Metal programming in Julia
With Metal.jl it's possible to program GPUs on macOS using the Metal programming framework.
The package is very much a work-in-progress. There are many bugs, lots of functionality is missing; Expect to have to make changes to the code if you want to use it. PRs are very welcome!
- Mac device with M-series chip
- Julia 1.8 (this package currently requires LLVM 13)
- macOS Catalina 10.15 or newer (might also work on 10.14)
- Xcode Command Line Tools (for now, we will get rid of this requirement)

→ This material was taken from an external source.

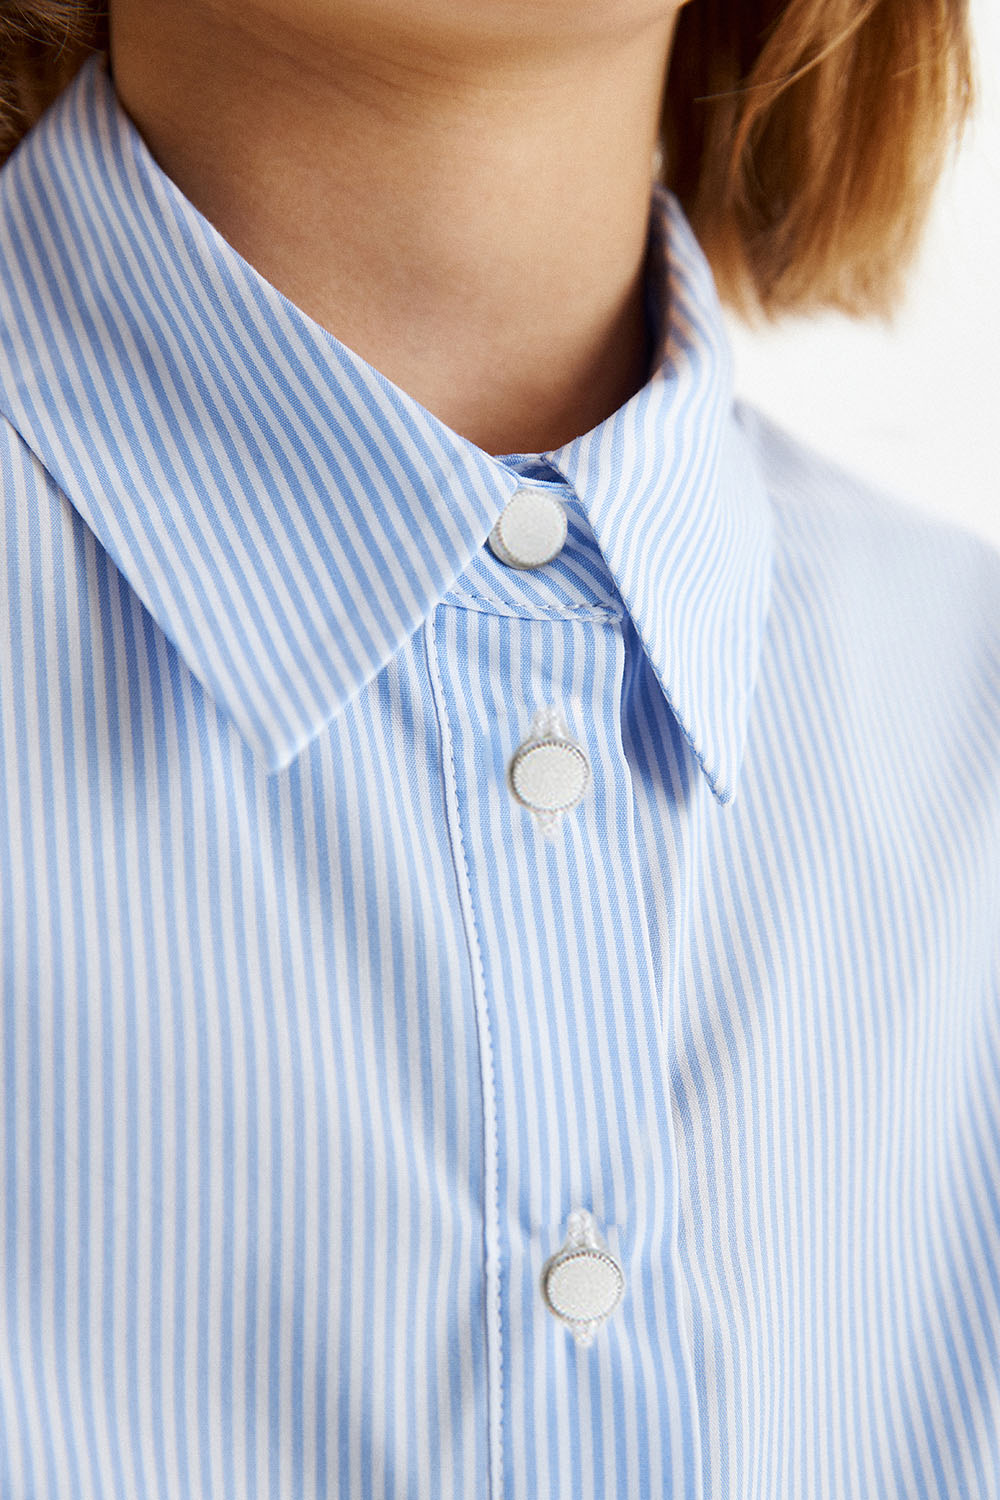 Блузка в полоску с объемными рукавами (SSFSG-329-23113-314) Silver spoon

As Metal.jl currently depends on bleeding-edge versions of certain dependencies,
it is recommended to use the Manifest that is part of the repository. Start by
cloning Metal.jl, open a terminal in that directory, and starting Julia with
the --project
parameter (or activate the environment via the Pkg REPL):
$ git clone https://github.com/JuliaGPU/Metal.jl && cd Metal.jl
$ julia --project -e 'using Pkg; Pkg.build(); Pkg.instantiate()'
$ julia --project
julia> using Metal
julia> Metal.versioninfo()
macOS 12.2.0, Darwin 21.3.0
Toolchain:
- Julia: 1.8.0-beta3
- LLVM: 13.0.1
1 device:
- Apple M1 Pro (64.000 KiB allocated)
The easiest way to work with Metal.jl, is by using its array abstraction.
The MtlArray
type is both meant to be a convenient container for device
memory, as well as provide a data-parallel abstraction for using the GPU
without writing your own kernels:
julia> a = MtlArray([1])
1-element MtlArray{Int64, 1}:
1
julia> a .+ 1
1-element MtlArray{Int64, 1}:
2
The above array abstractions are all implemented using Metal kernels written in Julia. These kernels follow a similar programming style to Julia's other GPU back-ends, and with that deviate from how kernels are implemented in Metal C (i.e., indexing intrinsics are functions not arguments, arbitrary aggregate arguments are supported, etc):
julia> function vadd(a, b, c)
i = thread_position_in_grid_1d()
c[i] = a[i] + b[i]
return
end
vadd (generic function with 1 method)
julia> a = MtlArray([1]); b = MtlArray([2]); c = similar(a);
julia> @metal threads=length(c) vadd(a, b, c)
julia> Array(c)
1-element Vector{Int64}:
3
Finally, all of the above functionality is made possible by interfacing with the Metal libraries through a small C library that wraps the ObjectiveC APIs. This library is built during the build phase of Metal.jl.
These low-level wrappers, along with some slightly higher-level Julia wrappers,
are available in the MTL
submodule exported by Metal.jl. All wrapped C
functions and types start with the mt
prefix, whereas the Julia wrappers are
prefixed with Mtl
:
julia> dev = MtlDevice(1)
MtlDevice:
name: Apple M1 Pro
lowpower: false
headless: false
removable: false
unified memory: true
registry id: 4294969448
transfer rate: 0
julia> dev.name
"Apple M1 Pro"
Julia wrappers to this small C library have been built with Clang.jl, and can be
regenerated by running julia --project=res/ res/wrap.jl
from the project
folder.
The C library started by forking rcp/cmt, to whom goes the original credit. This package builds upon the experience of several Julia contributors to CUDA.jl, AMDGPU.jl and oneAPI.jl.